Notoriously lipid metabolism may be altered in patients who are receiving immunosuppressive therapy [16]. CNI are among the immunosuppressive drugs that can cause this type of metabolic disorder. Some studies in literature show a lower incidence of hypercholesterolemia in tacrolimus treated patients compared with cyclosporine [17]. While for cyclosporine the correlation between lipid blood level and the drug blood level appears demonstrated, there are uncertain correlations between the tacrolimus blood levels and lipid metabolism.
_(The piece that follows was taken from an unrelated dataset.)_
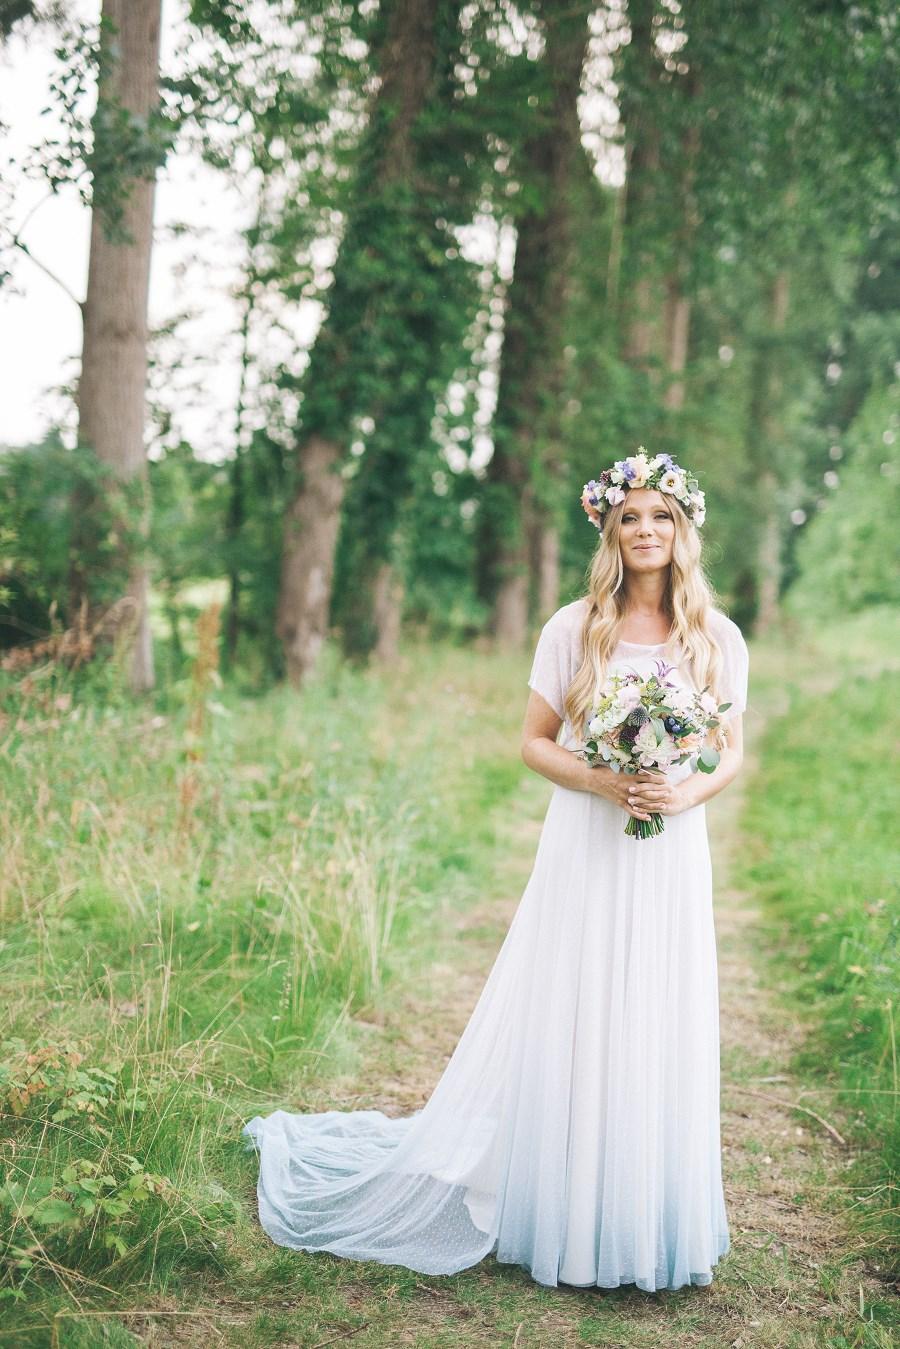 Lovetralala_shooting d'inspiration kiss the bride_25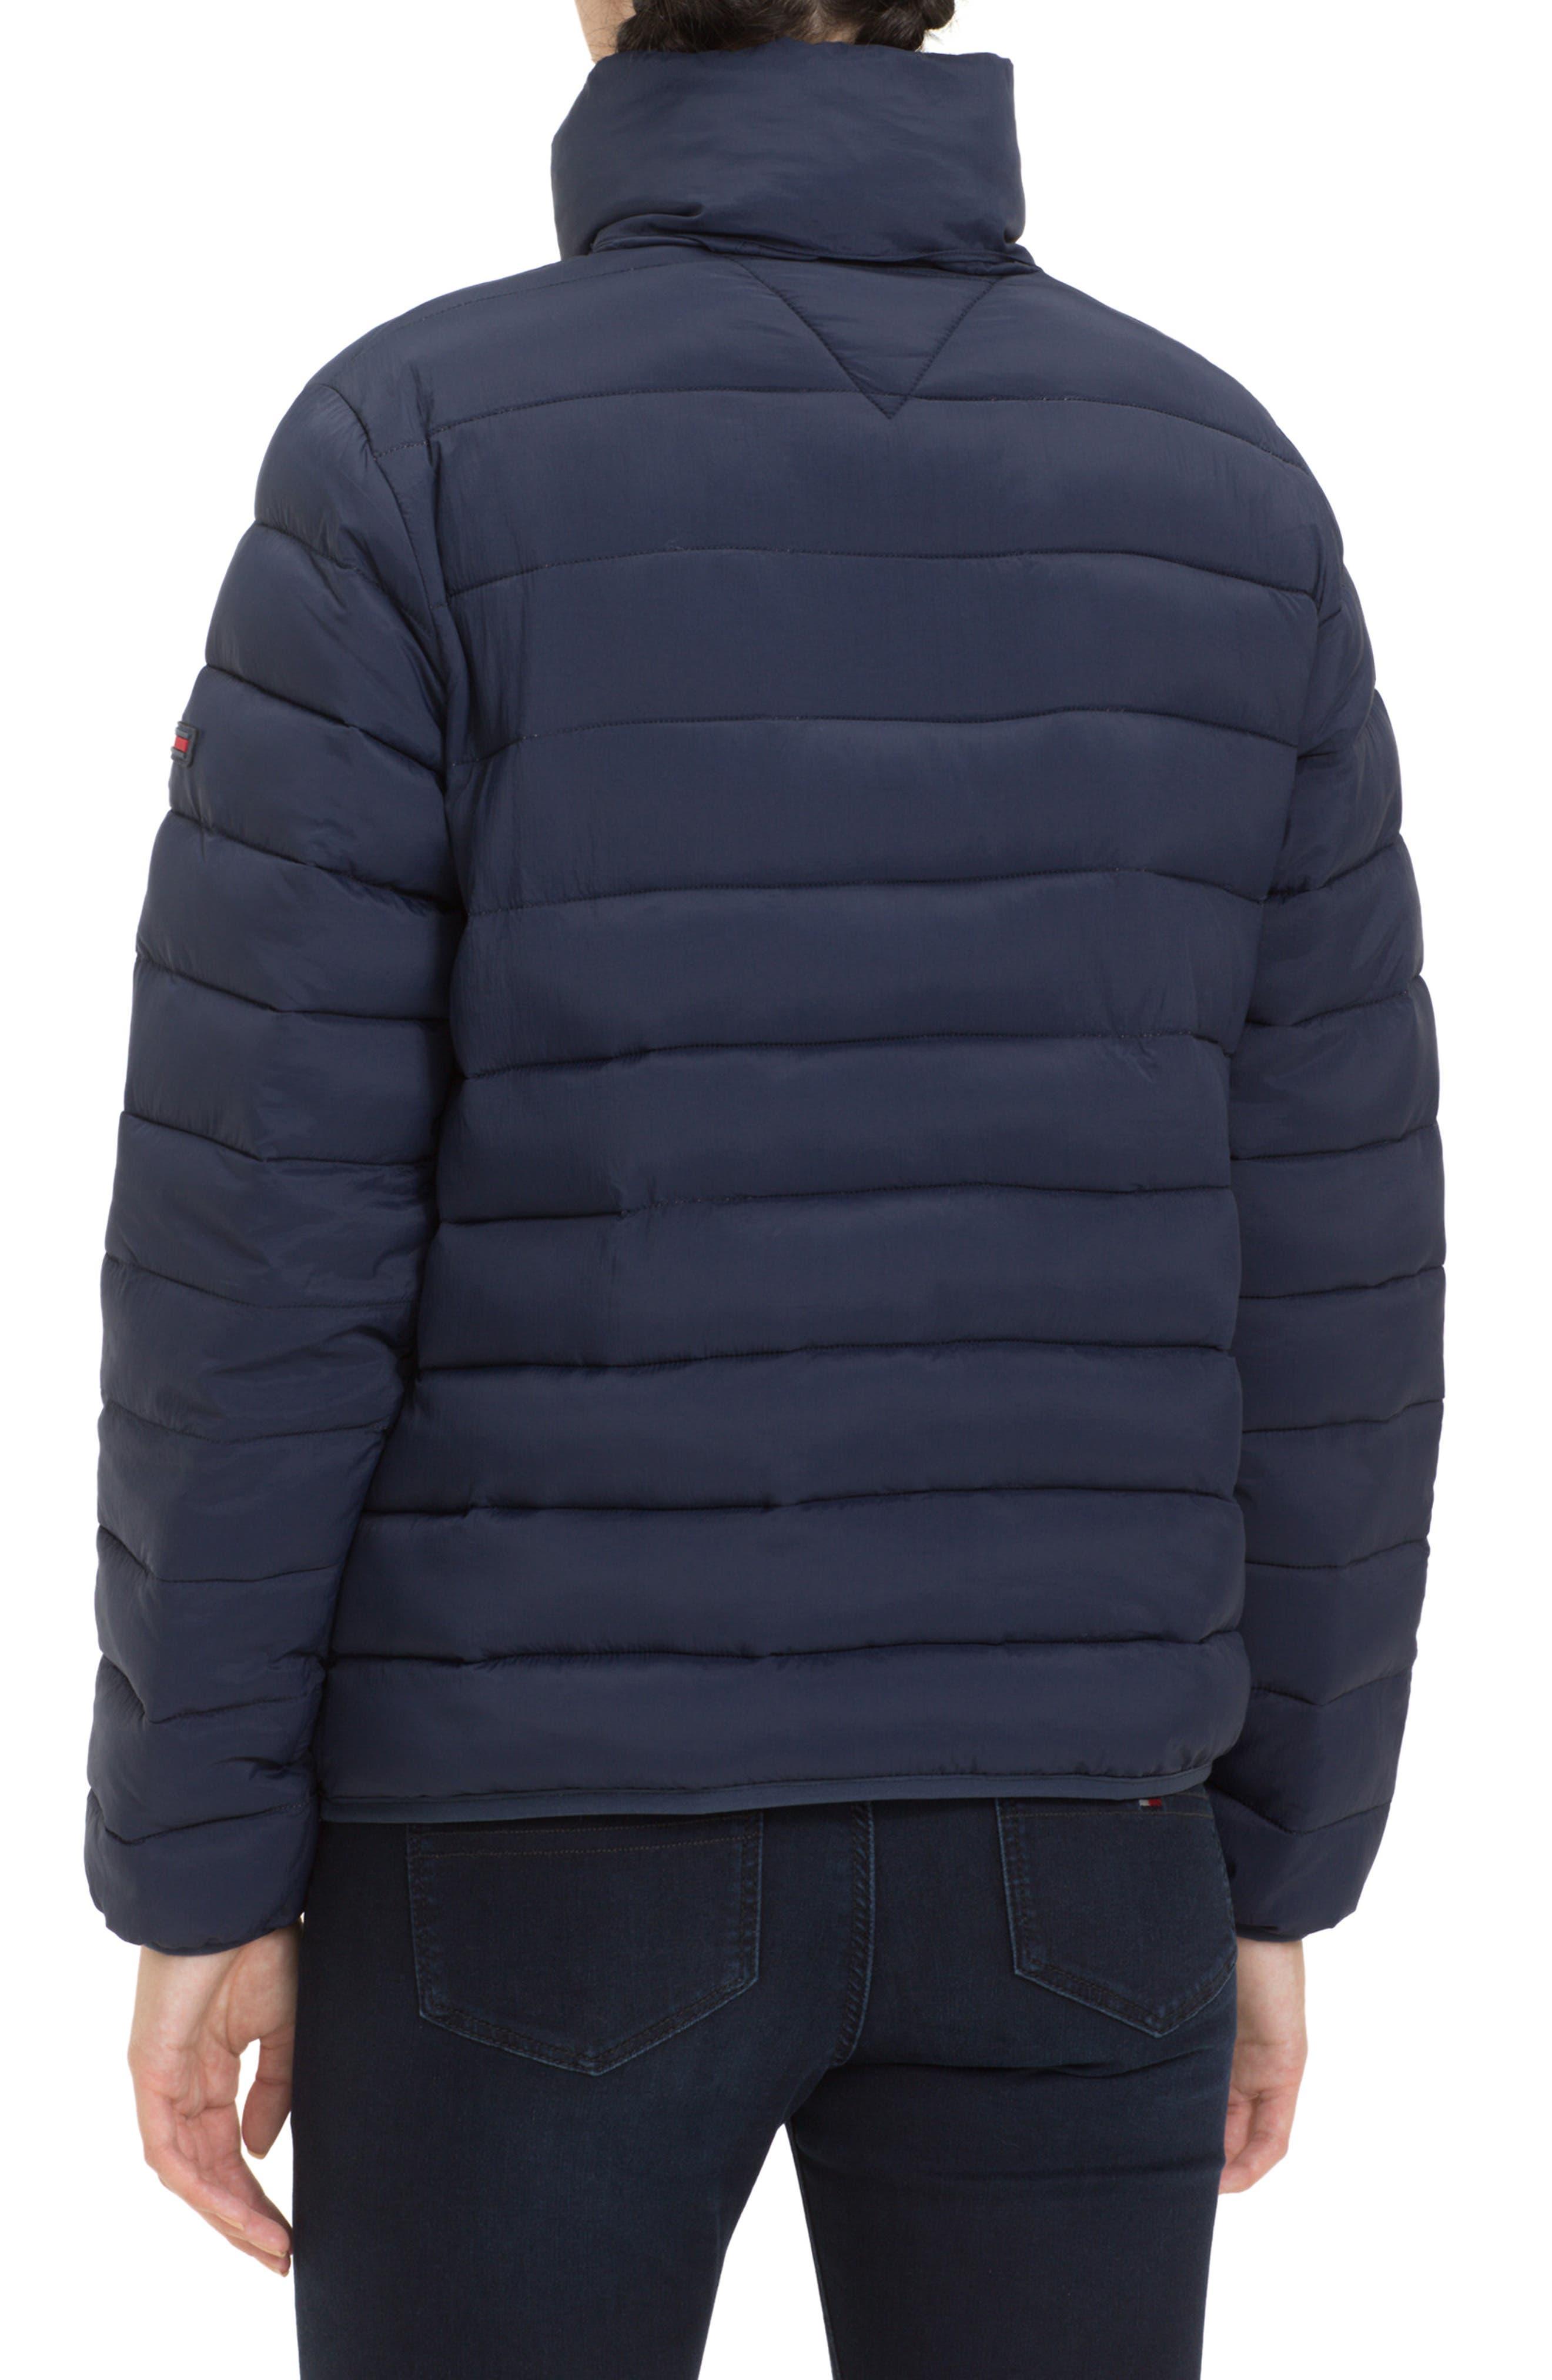 TJW Quilted Half-Zip Puffer Jacket,                             Alternate thumbnail 2, color,                             BLACK IRIS

Other study that investigated the conversion from once daily to twice daily tacrolimus formulations didn’t sowed a difference did not show a significant difference in terms of lipid profile after transplantation between the two regimens [18,19]. Otherwise showed a lower impact of once-daily formulation on carbohydrate metabolism [19]. In our study interestingly there are the lower levels of total cholesterol and triglycerides and the higher levels of HDL cholesterol in advagraf group. Although the pathogenic mechanism that may explain this finding remains to be clarified, also in this case the result does not seem to be in this case related to the drug blood level which as above mentioned are initially higher for once daily administration, although not significantly. This finding, that deserves further study and needs confirmation in randomized controlled trials that evaluate also the basal cholesterol, could be of crucial importance in the context of patients who have a notoriously high cardiovascular risk profile [20]. We therefore believe that Advagraf represents a valid therapeutic regimen in immunosuppressive therapy for kidney transplantation in combination with steroids, mycophenolate mofetil and anti-CD 25 monoclonal antibodies.